The Kelly Range is on the north western border of Arthurs Pass National Park. Rangi Taipo is the high point on the Bald Range, which hinges with the Kelly Range on Kelly's Hill and runs west to the junction of the Taipo and the Taramakau Rivers.
The rolling tussock tops and tarns and phenomenal views from these ranges make them the finest of tramping country but they're undervisited due to the lack of a good circuit route.
We headed off on Saturday with a plan we hoped would make for a good two day round trip.
It was getting on into the afternoon when we turned up the rough 4x4 road into the Taipo River. Following the trail of a regularly visiting Unimog through storm damage, slips and washouts was an interesting event in itself. It took about 45min to get from the highway to Seven Mile Creek.
At 4.00pm we set off walking. The track climbed steeply on the true left of Seven Mile Creek. It was very hot going as the air was still and warm and the humidity high.
Part way up we met Michael Ostash coming down. We'd known he might be in the area so were hoping we'd catch up with him along the way.
A thousand metres higher we broke out above the bushline. The Taipo twisted around the hills and on out to the Taramakau.
The tussock barely moved with the light breeze, but it was cooling enough after the torrid heat of the climb.
We travelled on across the Kelly Range, up and down past ridges and hollows. Each dip had its own tarn in the bottom. It looked like there had been a spell of dry weather recently as each tarn was a metre or two below its normal level.

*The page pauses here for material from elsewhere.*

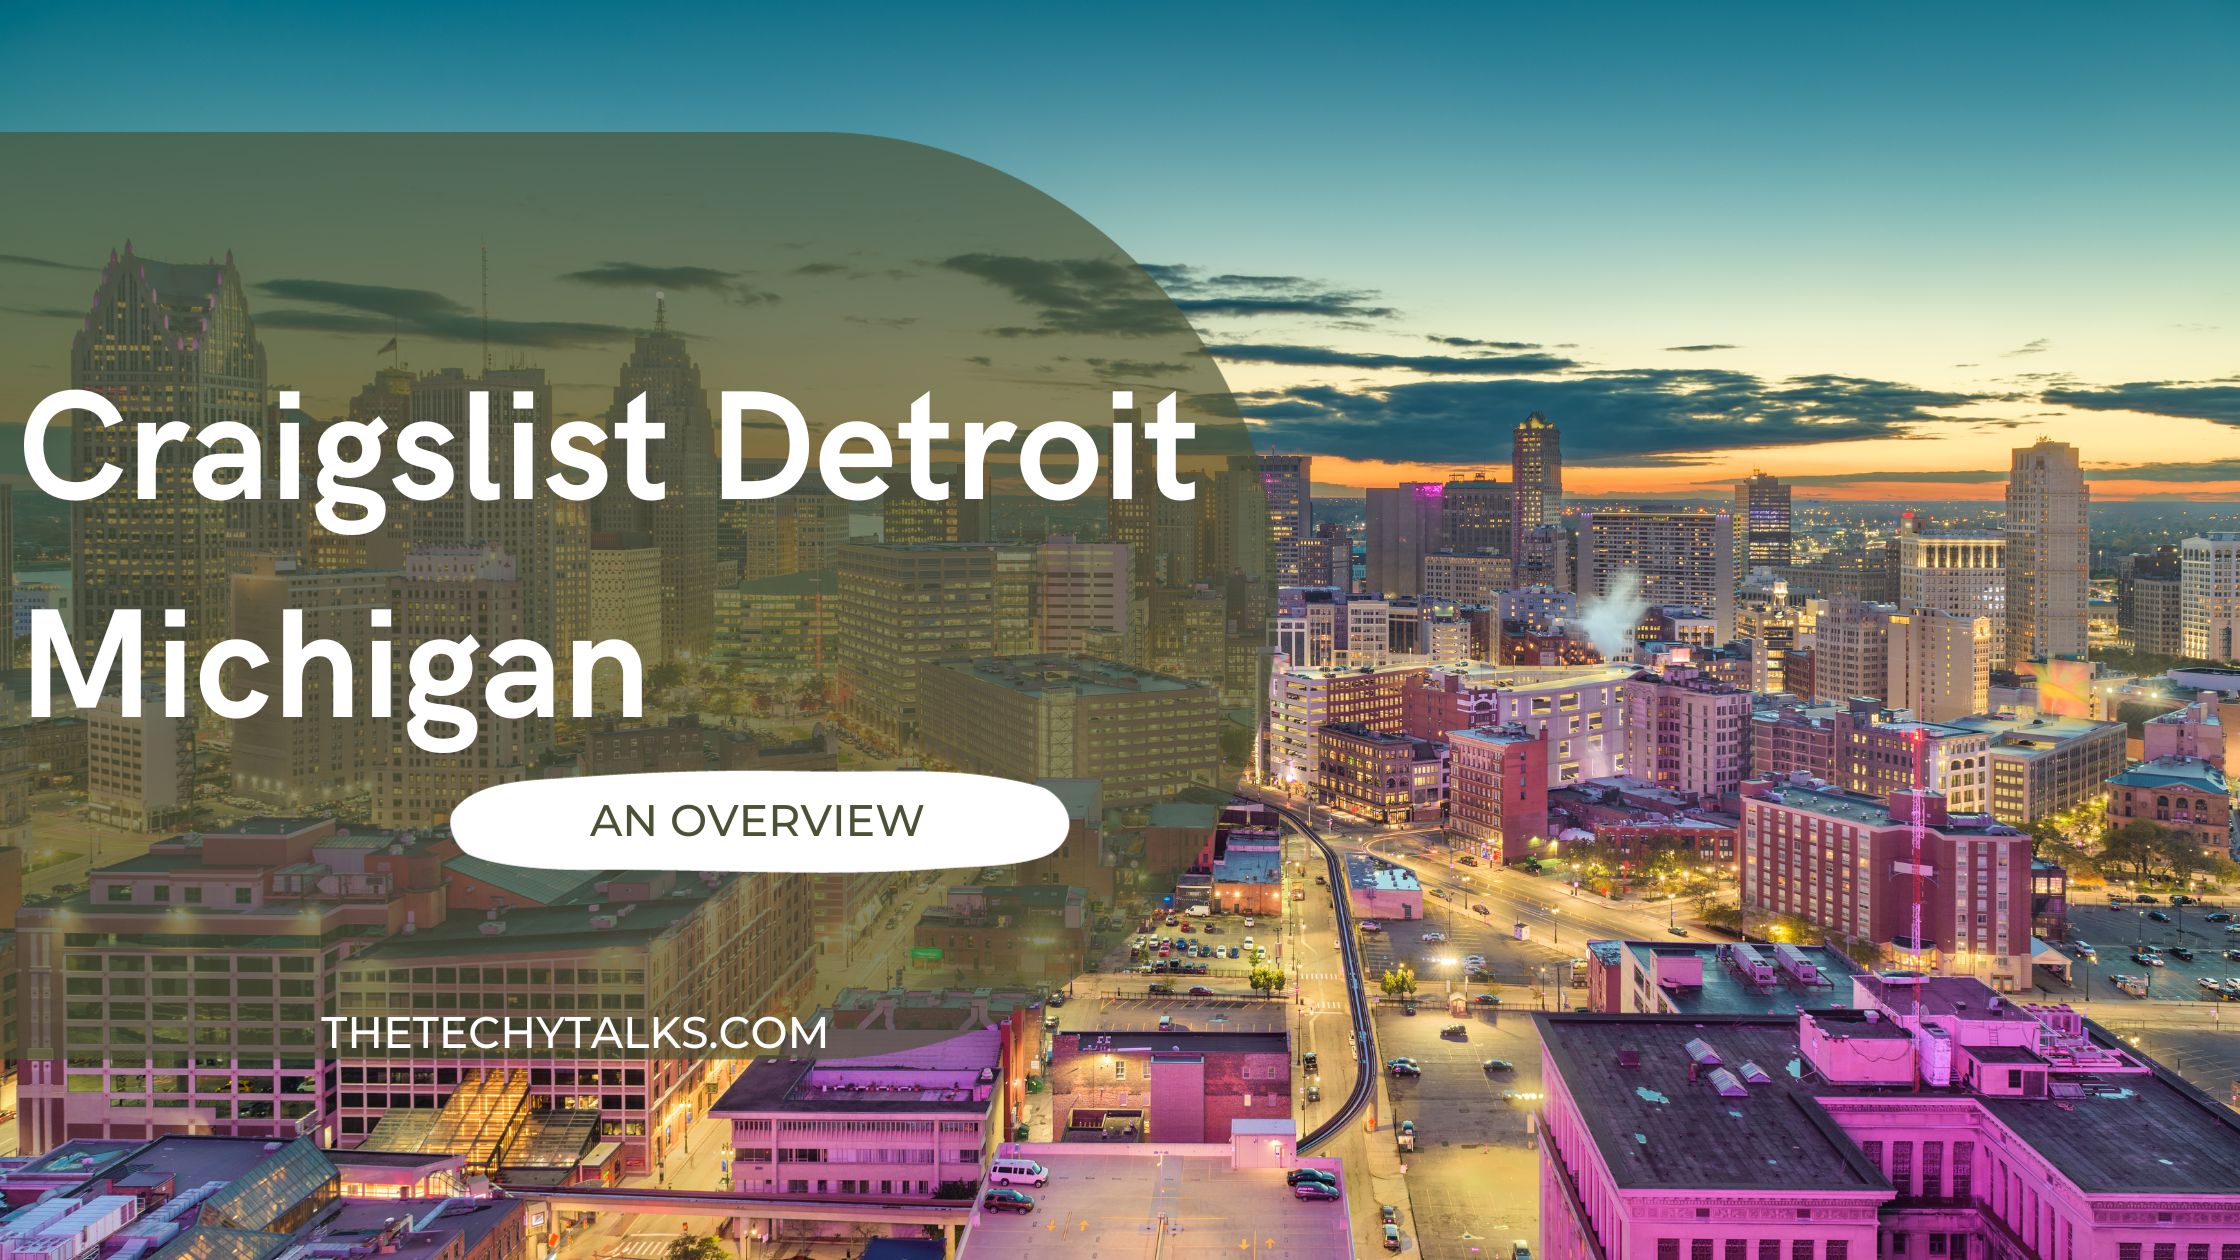 Craigslist Detroit, Michigan: An Overview
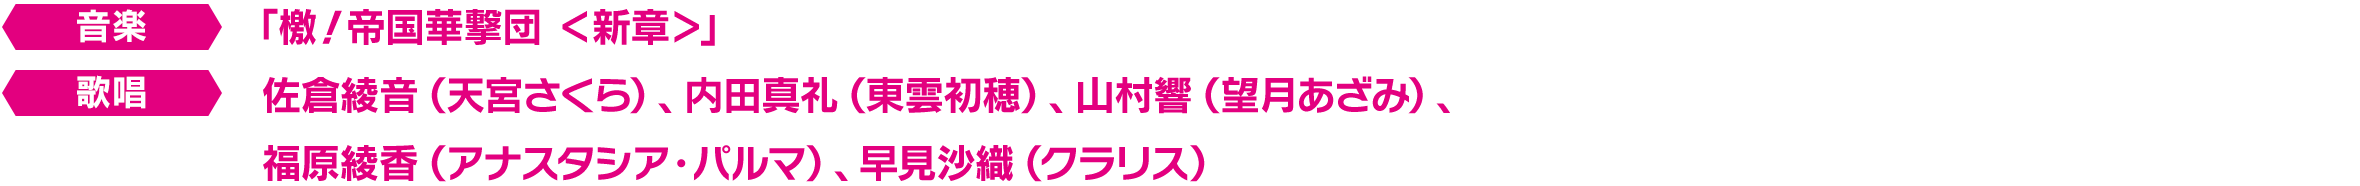 帝国華撃団・花組 PS4用ダイナミックテーマ

Just before we got to the Carroll Hut we stopped and washed next to a stream. Despite the warm day the water was very cold, but it was well worth it.
It was 8.00 pm when we finally reached the hut. There were only two people there.
Libby and Ann were on their final evening of a five day walk from Klondyke Corner in the Waimak. They'd crossed Harman Pass to the Julia Hut hot springs and then walked down the Taipo to the Seven Mile. They were great hut companions.
In the morning the perfect weather continued. It was so pleasant chatting with Libby and Ann about trips done and places to go, etc that if it wasn't that they had a ride to meet we might still have been sitting there at lunchtime.
But we did manage to get moving at 10.00. Our route took us back across the saddle and around Kelly's Hill onto the Bald Range. The walking is easy and the view gets more stunning with every kilometre.
Again there were numerous tarns along the ridge. Most of them had good populations of tadpoles. One had countless hundreds of them.
There were so many I was concerned I would scoop one or two into my water bladder when I filled it.
It was fascinating just sitting there watching them all going about their amphibian business and interacting with each other.
And the warmth of the day made it doubly hard to move on.
Further on the ridge narrowed for a couple of hundred metres but it wasn't difficult to travel along. It just added to the interest a bit.
At one point I had the option of climbing over a knoll or sidling around it. I was immediately glad I sidled.
My course took me right to a small group native broom shrubs. These Carmichaelias were covered in masses of scented blossom.
I hadn't expected to see much of a floral display on the weekend, other than gentians of course. But as we climbed onto Rangi Taipo the ground was everywhere covered in edelweiss and harebells too. And the ever present bright red fruits of the ground hugging coprosmas added their own contribution.
The summit of Rangi Taipo is a fantastic view point.
To the north, across the gravel bed of the Taramakau 1300 m below, bright blue and green of lakes and farmland contrasted with dark sombre forested hills and the closer golden tussocks of our own heights.
Misty cloud hung languidly in the warm air.
West, the Taramakau wound around the hills and out to the shoreline of the Tasman. Inland Mt Alexander loomed bulkily across the valley. To the east, the Taramakau took a straight course direct from Harper Pass.
South, was the heavily forested Taipo.
Ranged all around were named summits. Tara Tama, guarding the lower valley. In the distance Murchison standing tall. And even Rolleston stood out prominently showing the serrated silhouette of its bony Otira Face.
We couldn't linger as long as we wanted. We had a big descent ahead of us.
Just getting to the start of the track at the bushline needs routefinding care. In the bush the track is steep, and slippery in places with dracophyllum leaves. Simon Lewis and Mauricio Lloreda have done some incredible work cutting and remarking it to make it easily followable. But it's still quite overgrown in places.
It took us 2 hrs 45 min from the summit to the valley floor. It was still hot in the valley even at 6.00pm.
And well yes it was a great two day round trip. I would say it's the best way to enjoy the Kelly tops and Rangi Taipo together.